At scale, production systems usually store compacted tries or other optimized prefix structures rather than naive character-by-character trees.

5.4 N-gram Approaches

Autocomplete is not always solved with a trie.

N-gram indexing can help with:

substring matching
typo tolerance
matching mid-word fragments
languages or domains where token boundaries are tricky

Tradeoff:

n-grams improve recall and flexibility
they increase index size significantly
they may add noise if scoring is weak

5.5 Popularity-Based Suggestions

Not every valid prefix completion should be shown.

Usually suggestions are ranked by popularity and usefulness.

Signals may include:

historical query frequency
click-through rate after suggestion selection
conversion rate in commerce systems
recency or trending status
user-specific history

Example:

If millions of users search for iphone charger, that suggestion should likely outrank a rare but lexically valid completion.

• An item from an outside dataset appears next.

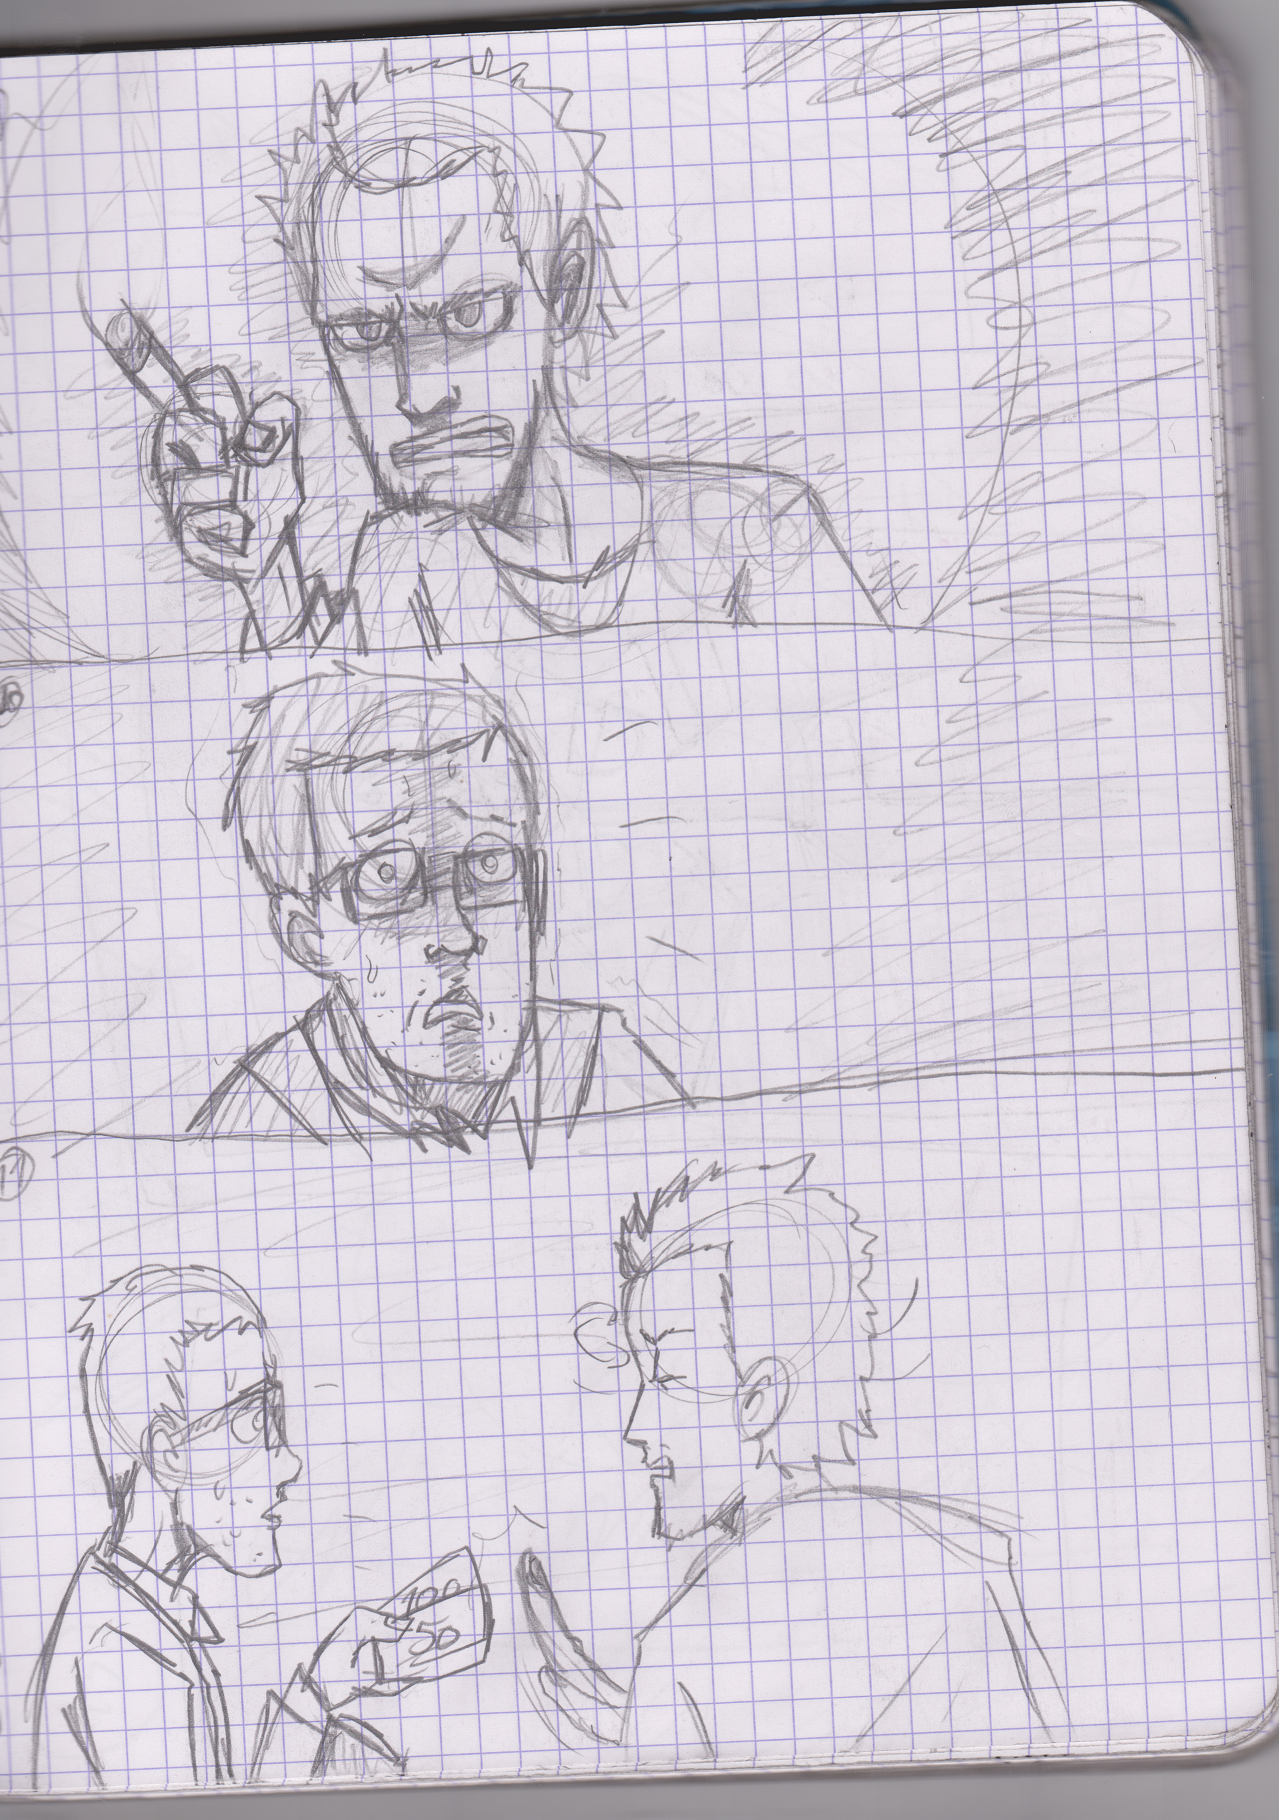 SH sketchbook page 53

5.6 Recent Searches and Personalization

Autocomplete often mixes multiple sources:

global popular suggestions
user's own recent searches
session context
personalized entities such as repos, docs, contacts, or previous products viewed

GitHub-like enterprise search or SaaS admin dashboards often use personalization heavily because each user's accessible universe is different.

5.7 Typo Tolerance Basics

Users make mistakes while typing. Production autocomplete systems usually include typo handling such as:

edit-distance based correction
keyboard-neighbor heuristics
common misspelling dictionaries
phonetic or transliteration support in some markets

The challenge is latency.

Autocomplete does not have much time budget, so typo tolerance must be efficient and bounded.

5.8 Caching Strategies

Autocomplete traffic is extremely cache-friendly because prefixes repeat heavily.

Common patterns:

cache hot prefixes in memory
use CDN or edge caching for anonymous popular suggestions where acceptable
keep top-k suggestions per prefix precomputed
debounce client requests to avoid one request per keystroke

5.9 Large-Scale Production Considerations

Large autocomplete systems often need to handle:

huge prefix skew on popular queries
language and locale differences
abuse or bot traffic
personalized suggestions that reduce cacheability
freshness for trending terms
safe filtering of prohibited or low-quality suggestions

A common design is hybrid:

static or precomputed prefix data for speed
online popularity updates for freshness
user history overlay for personalization

5.10 Common Mistakes

sending requests on every keystroke without debounce
returning lexically valid suggestions with poor user value
ignoring abuse and suggestion poisoning
making autocomplete depend on expensive full ranking pipelines

6. Filtering

6.1 What Filtering Is

Filtering narrows results using structured constraints.

Examples:

price between 50 and 100
remote jobs only
category = laptops
flights with one stop or fewer
issues labeled bug
only repositories the user can access

Filtering is not a side feature. In many business systems it is central.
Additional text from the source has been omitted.